Microwave Quantum Interconnects: From Fundamental Physics to Applications in Quantum Computing
Author: Wallraff, Andreas
Affiliation: ETH Zurich
Type: Invited Talk
Session: Superconducting quantum devices
Date and Time: 20.07.2026, 17:00 - 17:30
Superconducting circuits are a strong contender for realizing quantum computing systems. Constructing such systems with many thousands, possibly millions of superconducting qubits will require linking several computing nodes housed in their dedicated cryogenic systems into a larger networked cluster. Such networks could operate at optical frequencies using fiber links but would require large bandwidth and high-fidelity microwave-to-optical conversion, which is currently unavailable. At ETH Zurich, in a radically different approach, we have designed, realized, and tested a quantum microwave link which allows superconducting-circuit-based quantum processors located in different cryogenic systems to directly exchange quantum information and generate entanglement [1] over meter-scale distances [2]. Quantum links, for a quantum computer, take the role of a network transferring data between computing nodes located in a high-performance computing data center. However, unlike its conventional counterparts, our data link is operated at ultra-low temperatures, close to absolute zero.
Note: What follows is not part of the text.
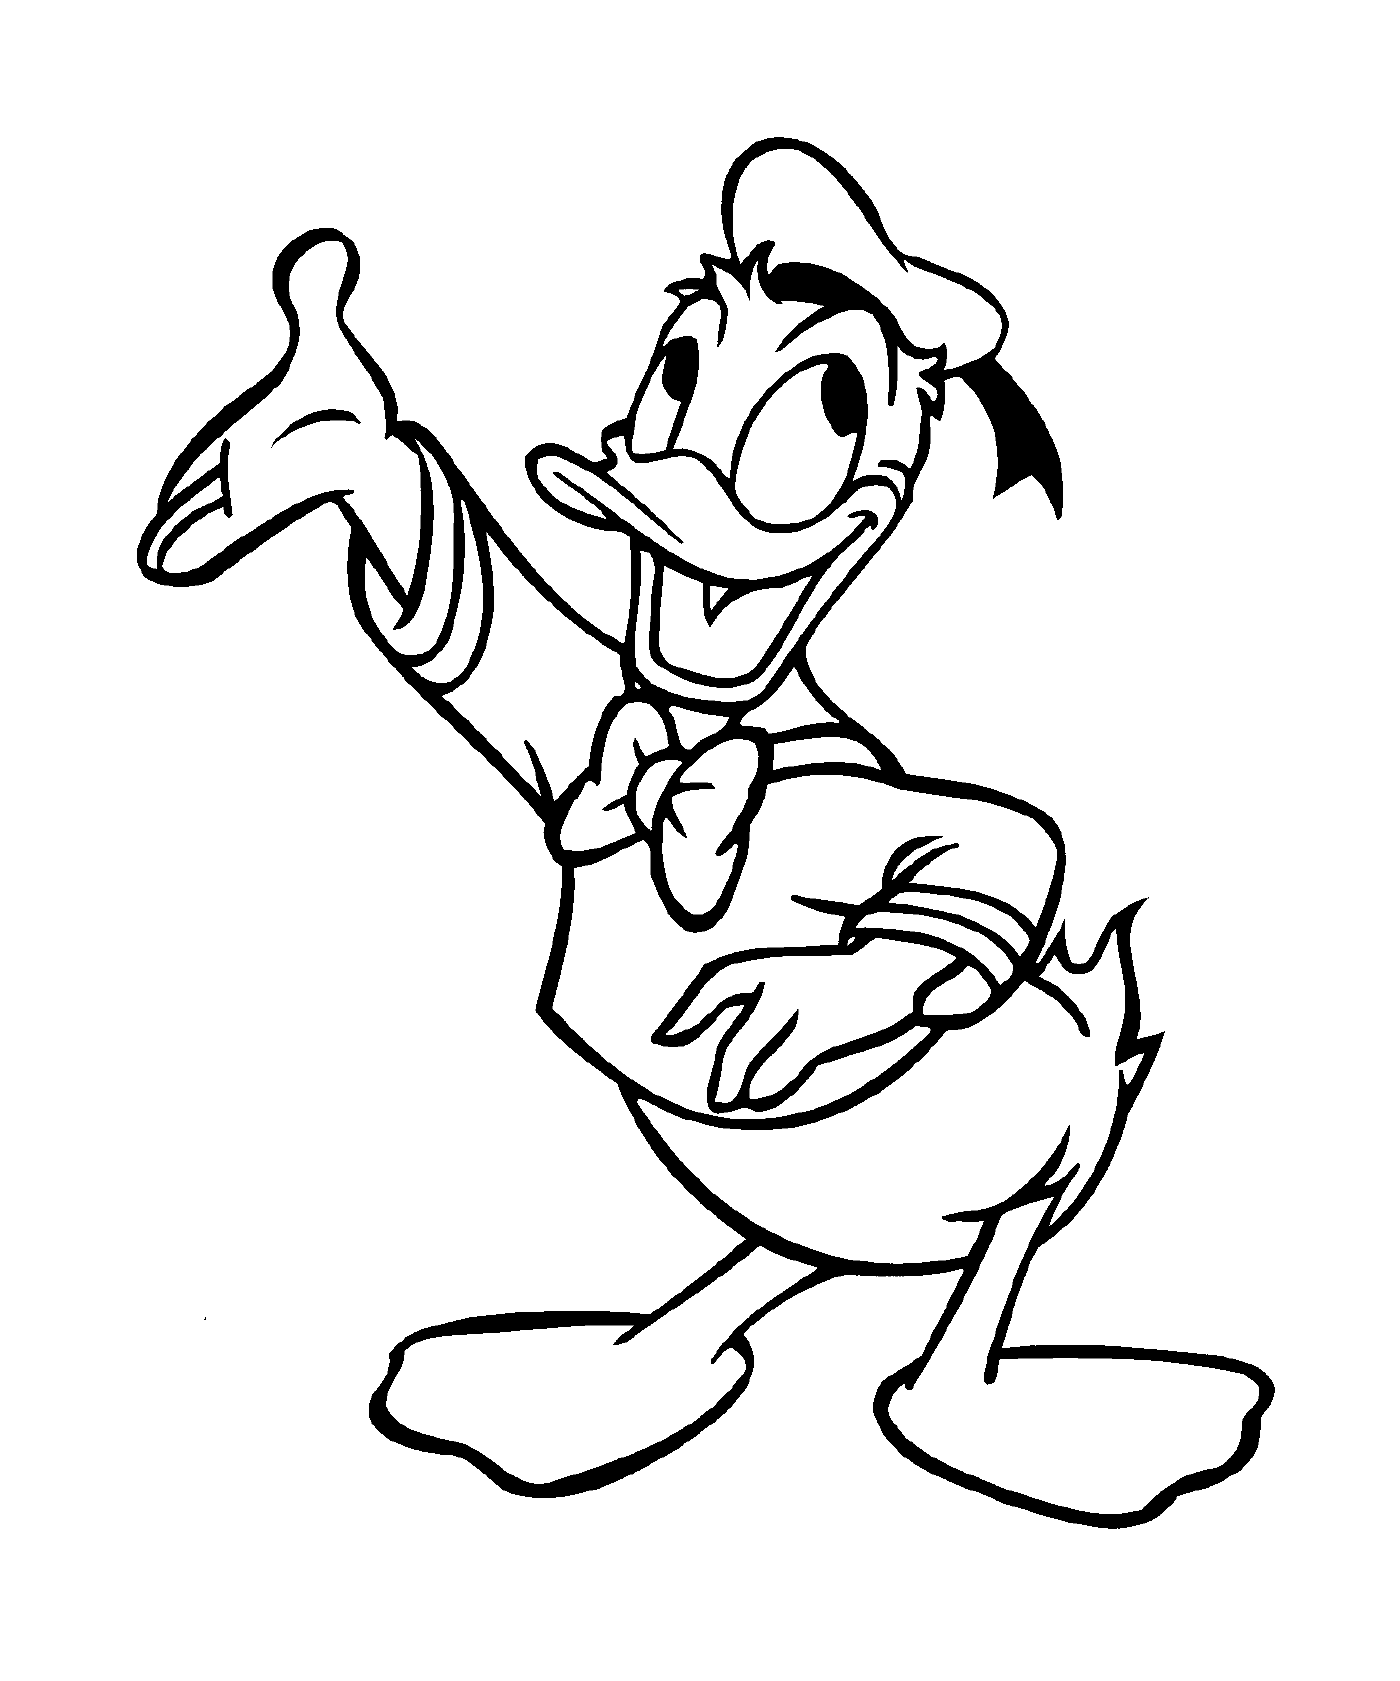  Donald duck 由Dick Lundy制作

This allows our quantum data link to directly connect to quantum processors operating at the same temperature. Realizing a quantum link across 30 meters we have demonstrated non-locality as a new resource accessible with superconducting circuits by performing the first loophole-free Bell test with superconducting qubits [3]. We have exploited this resource to create perfect randomness certified by quantum physics for the first time [4]. The system we have constructed is the only one of its kind in the world and could play an important role in both growing the power of quantum computers in the future and allowing for fundamental quantum science experiments.
[1] P. Kurpiers et al., Nature 558, 264-267 (2018)
[2] P. Magnard et al., Phys. Rev. Lett. 125, 260502 (2020)
[3] S. Storz et al., Nature 617, 265-270 (2023)
[5] A. Kulikov et al., Nature 653, 1033 (2026)